Final answer:
The group that has not benefited from prescription drug reform to the same extent as others is low-income elders earning less than $12,000 a year; whereas, private insurance companies, affluent elders, and older adults requiring a substantial amount of prescription drugs annually have gained benefits. The Medicare expansion provided assistance but may still pose a financial burden for very low-income seniors.
Step-by-step explanation:
The groups that have benefited from prescription drug reform, except for one, include private insurance companies, affluent elders, and older adults needing approximately $4,000 worth of prescription drugs per year. The one group that has potentially not benefited as much are low-income elders earning less than $12,000 a year. The Medicare Prescription Drug and Modernization Act of 2003 provided a substantial expansion of Medicare, particularly benefiting the elderly in affording prescription drugs. With an annual premium and deductible, the federal government would pay 75 percent of their prescription drug costs up to $2,250. However, those with very low incomes, possibly below $12,000, may still find the associated costs of the plan burdensome, despite the intended financial assistance programs.

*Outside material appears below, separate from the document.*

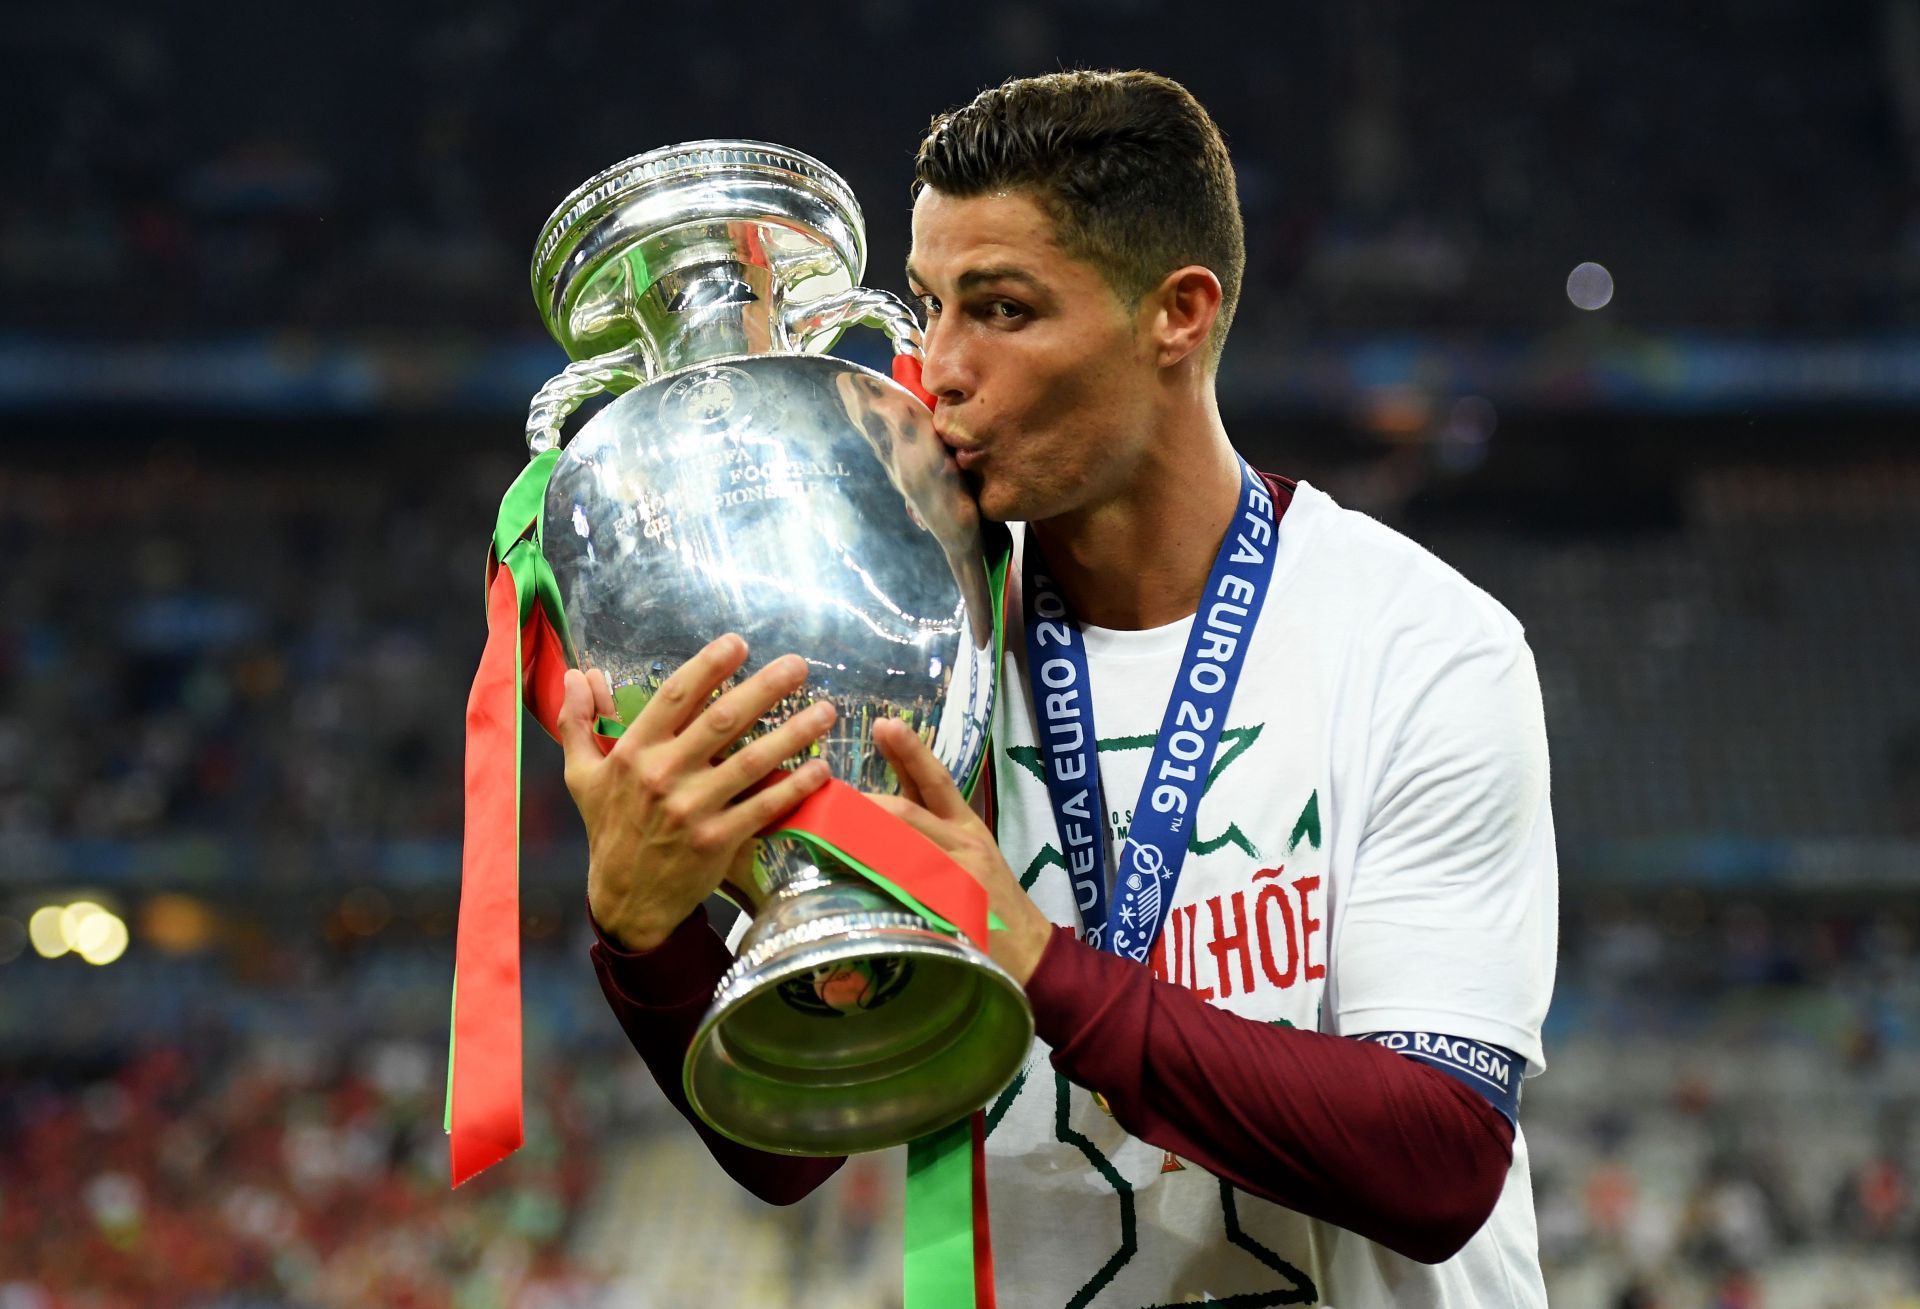 Cristiano Ronaldo was a European champion with Portugal in 2016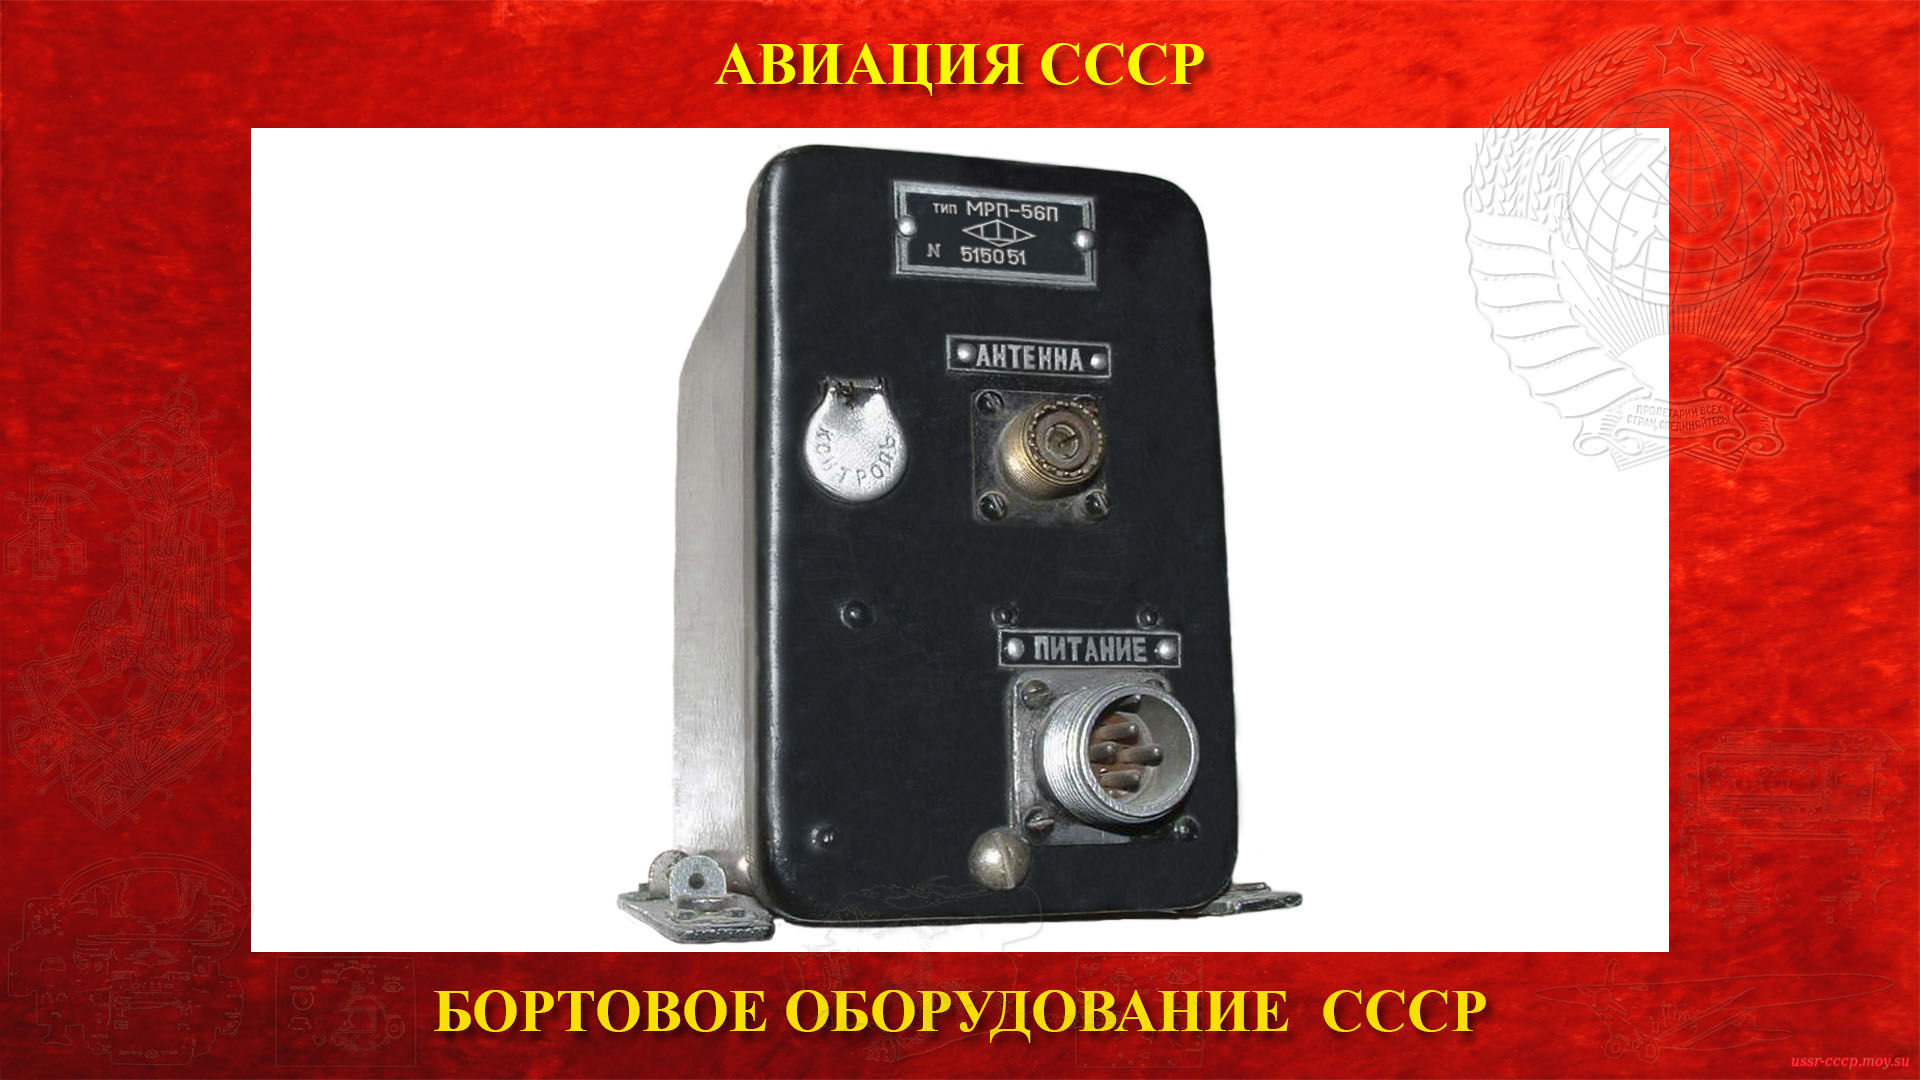 Маркерный радиоприёмник МРП-56П (повествование)

The Medicare system predicted a significant rise in the cost of the prescription drug benefit, from about $40 billion in 2006 to an estimated $121 billion by 2016. This reveals the financial magnitude of providing prescription drug assistance to Medicare beneficiaries. Nevertheless, the American Association for Retired People (AARP), a powerful lobbying group for seniors, was a strong advocate for the prescription drug benefit, influencing its passage. On the other hand, those without health insurance, numbering around 40 million, did not have a similar umbrella organization to advocate for their needs, reflecting a discrepancy in political pressure and resulting benefits for different segments of the population.